Optional telemetry only surfaces when present, so None does not register a provider. Owned snapshots can still be provided as values when the caller requests ownership:

use masterror::{AppCode, AppErrorKind, Error};

#[derive(Debug, Error)]
#[error("optional telemetry {telemetry:?}")]
#[app_error(kind = AppErrorKind::Internal, code = AppCode::Internal)]
struct OptionalTelemetryError {
    #[provide(ref = TelemetrySnapshot, value = TelemetrySnapshot)]
    telemetry: Option<TelemetrySnapshot>,
}

let noisy = OptionalTelemetryError {
    telemetry: Some(TelemetrySnapshot {
        name: "queue.depth",
        value: 17,
    }),
};
let silent = OptionalTelemetryError { telemetry: None };

assert!(request_ref::<TelemetrySnapshot>(&noisy).is_some());
assert!(request_ref::<TelemetrySnapshot>(&silent).is_none());

Enums support per-variant telemetry and conversion metadata.

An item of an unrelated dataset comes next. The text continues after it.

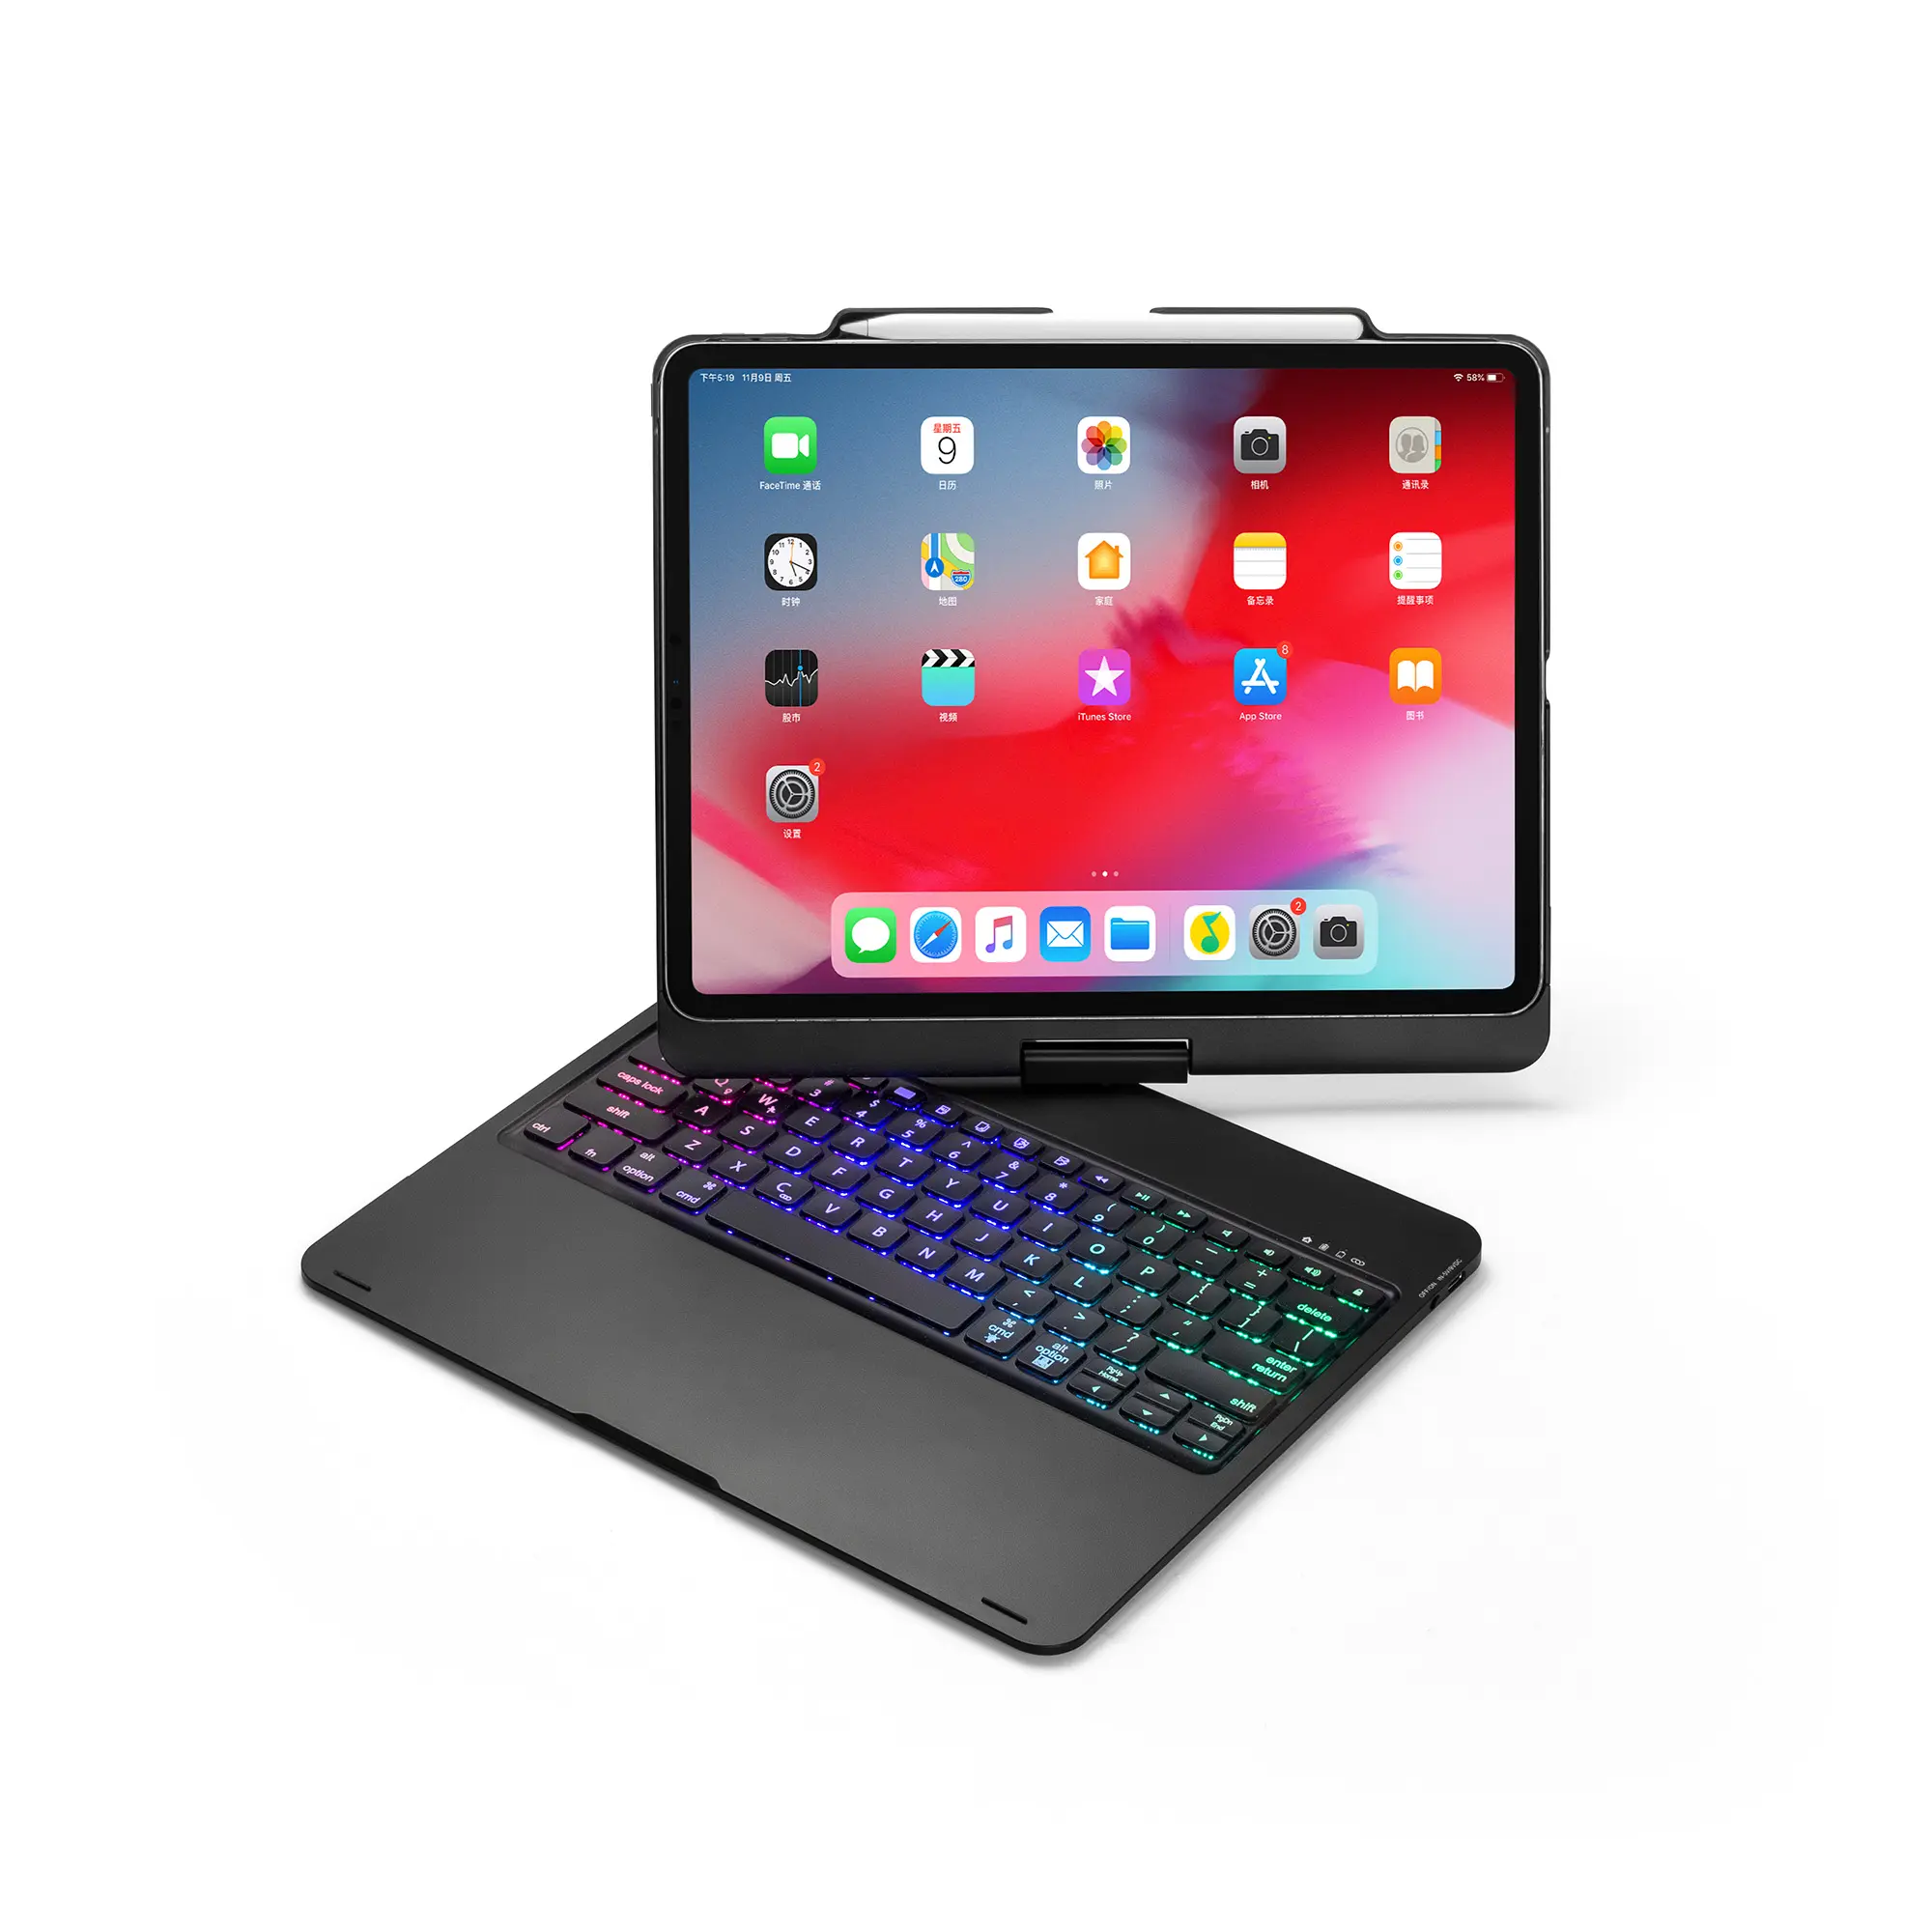 Casing Keyboard Berputar 360 Derajat, Casing PC Keras ABS 2019 Derajat dengan Keyboard untuk Ipad Pro, Casing Tablet
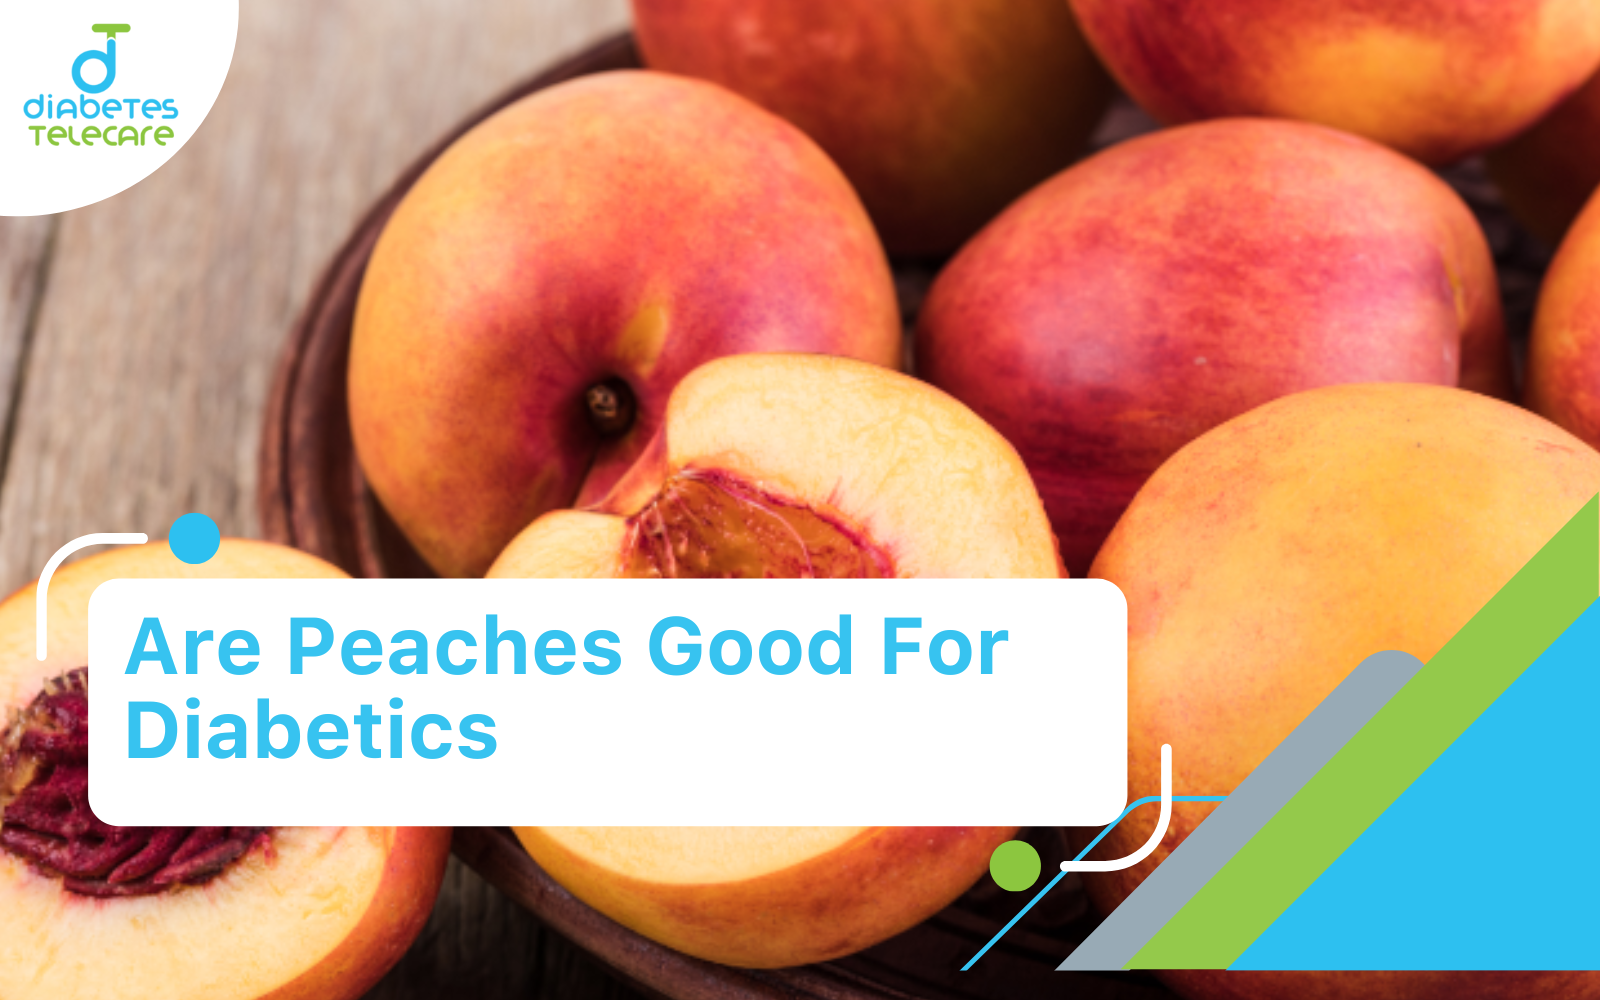 is peach good for diabetes

Each variant chooses its own AppErrorKind/AppCode mapping while the derive generates a single From<Enum> implementation:

#[derive(Debug, Error)]
enum EnumTelemetryError {
    #[error("named {label}")]
    #[app_error(kind = AppErrorKind::NotFound, code = AppCode::NotFound)]
    Named {
        label:    &'static str,
        #[provide(ref = TelemetrySnapshot)]
        snapshot: TelemetrySnapshot,
    },
    #[error("optional tuple")]
    #[app_error(kind = AppErrorKind::Timeout, code = AppCode::Timeout)]
    Optional(#[provide(ref = TelemetrySnapshot)] Option<TelemetrySnapshot>),
    #[error("owned tuple")]
    #[app_error(kind = AppErrorKind::Service, code = AppCode::Service)]
    Owned(#[provide(value = TelemetrySnapshot)] TelemetrySnapshot),
}

let owned = EnumTelemetryError::Owned(TelemetrySnapshot {
    name: "redis.latency",
    value: 3,
});
let app: AppError = owned.into();
assert!(matches!(app.kind, AppErrorKind::Service));

Compared to thiserror, you retain the familiar deriving surface while gaining structured telemetry (#[provide]) and first-class conversions into AppError/AppCode without writing manual From implementations.

Formatter traits

Placeholders default to Display ({value}) but can opt into richer formatters via the same specifiers supported by thiserror v2. TemplateFormatter::is_alternate() tracks the # flag, while TemplateFormatterKind exposes the underlying core::fmt trait so derived code can branch on the requested renderer without manual pattern matching. Unsupported formatters surface a compile error that mirrors thiserror's diagnostics.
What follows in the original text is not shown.